# Student visa?



## naughtystudent (Dec 5, 2013)

Hello im gonna be on a student visa and i have heard that you can only work 40 hours a month in total, What would happen if i worked over that ? 
How would they know? 

I know someone that has his wage slips changed so he looks like 40 hours a fortnight but at a higher wage but really does 35 hours a week .. and they havent been caught out


----------



## chilgerm (Nov 28, 2013)

hi, 
On student visa you are allowed to work 40 hours per fortnight (20hr/week). If they find out you are doing more than that you will be breaching the visa conditions and they could cancel your visa on those grounds. Lots of ways to find out, they audit companies on regular basis, they will have your tax assessments too, there are probably more ways i don't know.
You will always hear/know someone who's being able to dodge the system (cash in hands etc) but I would never ever recommend anyone to do that.


----------



## CollegeGirl (Nov 10, 2012)

You are definitely not going to get any recommendations to commit migration fraud on this forum. Don't work more than your visa permits.


----------



## PR.Soon (Jul 12, 2012)

Hahaha I love the question in combination with the username! 
Living up to the name


----------



## Valentine1981 (Sep 13, 2012)

they could find out if someone reports you. Yes there are people who have got away with it,however I can tell you I've already reported someone this year for doing exactly what you are suggesting. I've followed the rules for almost 4 years so I am more than happy to make a phone call to tell immigration where to find the people who don't. As CollegeGirl says,you will not find anyone on this forum who will support migration fraud/breaching the conditions of your visa.


----------



## Engaus (Nov 7, 2013)

Immigration are working closer than ever with the ATO to catch people working more hours than allowed.


----------



## naughtystudent (Dec 5, 2013)

Just asking because I know people who are on the student visa and have worked more than the set hours and haven't been caught and have even completed there course. 
So they have got away with it  
Even rang an immigration lawyer and they said trees no way they can find out unless someone Dobs you in or if immigration look into you !!?


----------



## tulauras (Sep 1, 2013)

Well, yes, they won't find out unless a) they check or b) someone tells them. That hardly means they won't find out. It also means that you're constantly vulnerable to someone threatening to dob on you, you can be exploited at work because you can't complain, you could lose your job at any stage. You're also massively sacrificing your education if you work more than 20 hours a week and study at the same time. 

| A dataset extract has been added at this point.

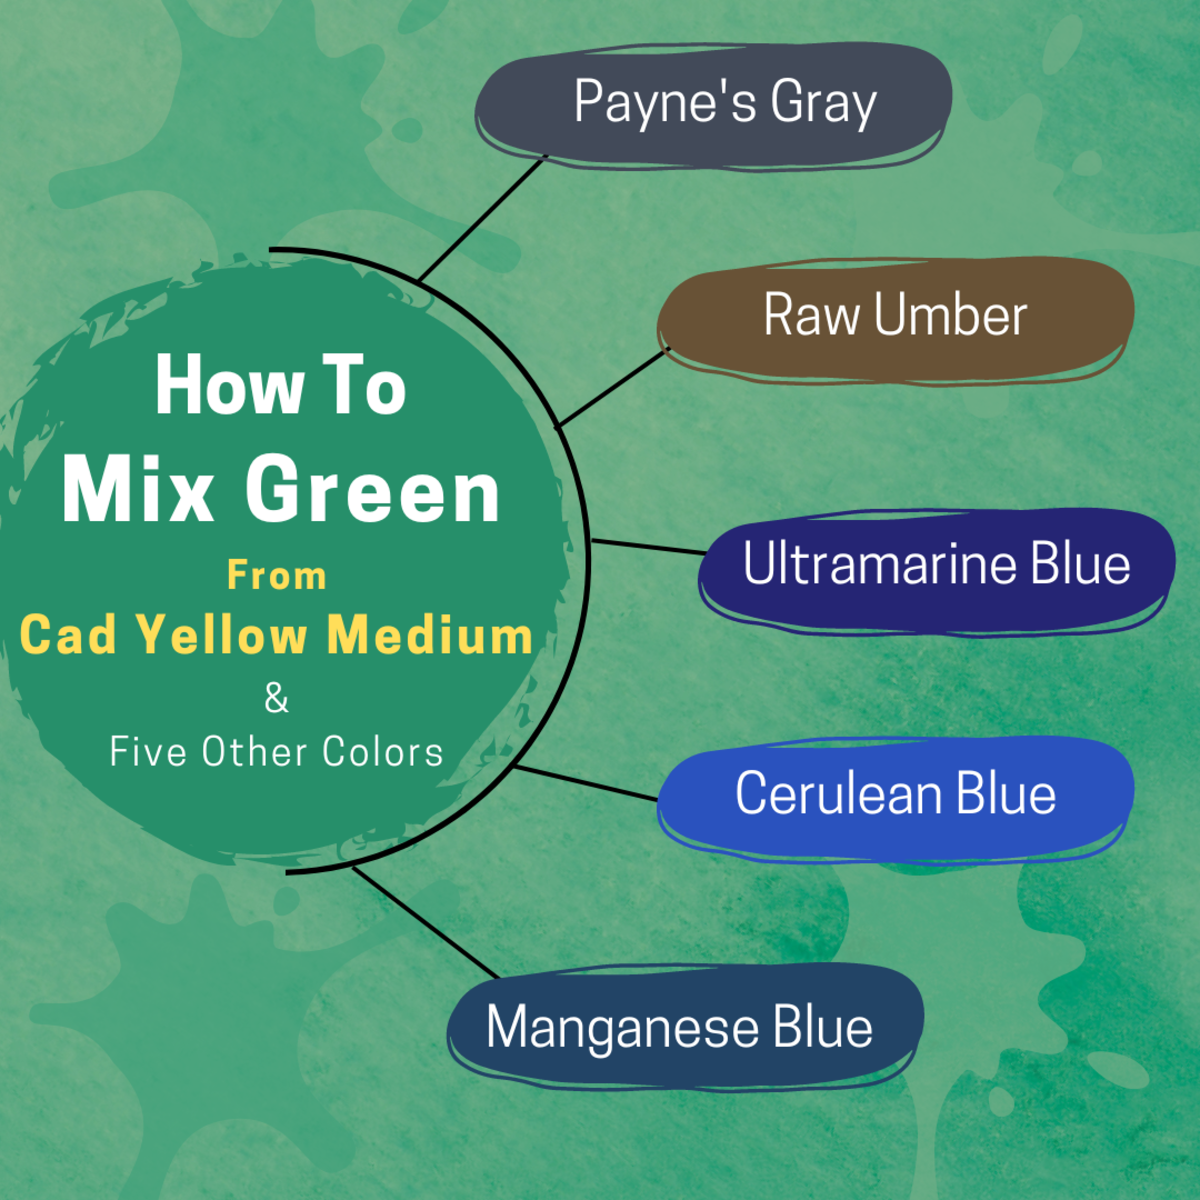 How to Mix Green From Cadmium Yellow Medium With Acrylics

I had a friend do this, and he didn't get caught, but he was also miserable. Was it worse than being in his home country though?

I guess that you need to weigh the emotional stress of working illegally, breaching your visa conditions and potentially being excluded from Australia against the stress of not having enough money. Ideally, your plan should mean that you don't need to do this, and instead save up enough before you start studying or find a job that pays you well enough that you don't need to work more than you're allowed.


----------



## naughtystudent (Dec 5, 2013)

Valentine1981 said:


> they could find out if someone reports you. Yes there are people who have got away with it,however I can tell you I've already reported someone this year for doing exactly what you are suggesting. I've followed the rules for almost 4 years so I am more than happy to make a phone call to tell immigration where to find the people who don't. As CollegeGirl says,you will not find anyone on this forum who will support migration fraud/breaching the conditions of your visa.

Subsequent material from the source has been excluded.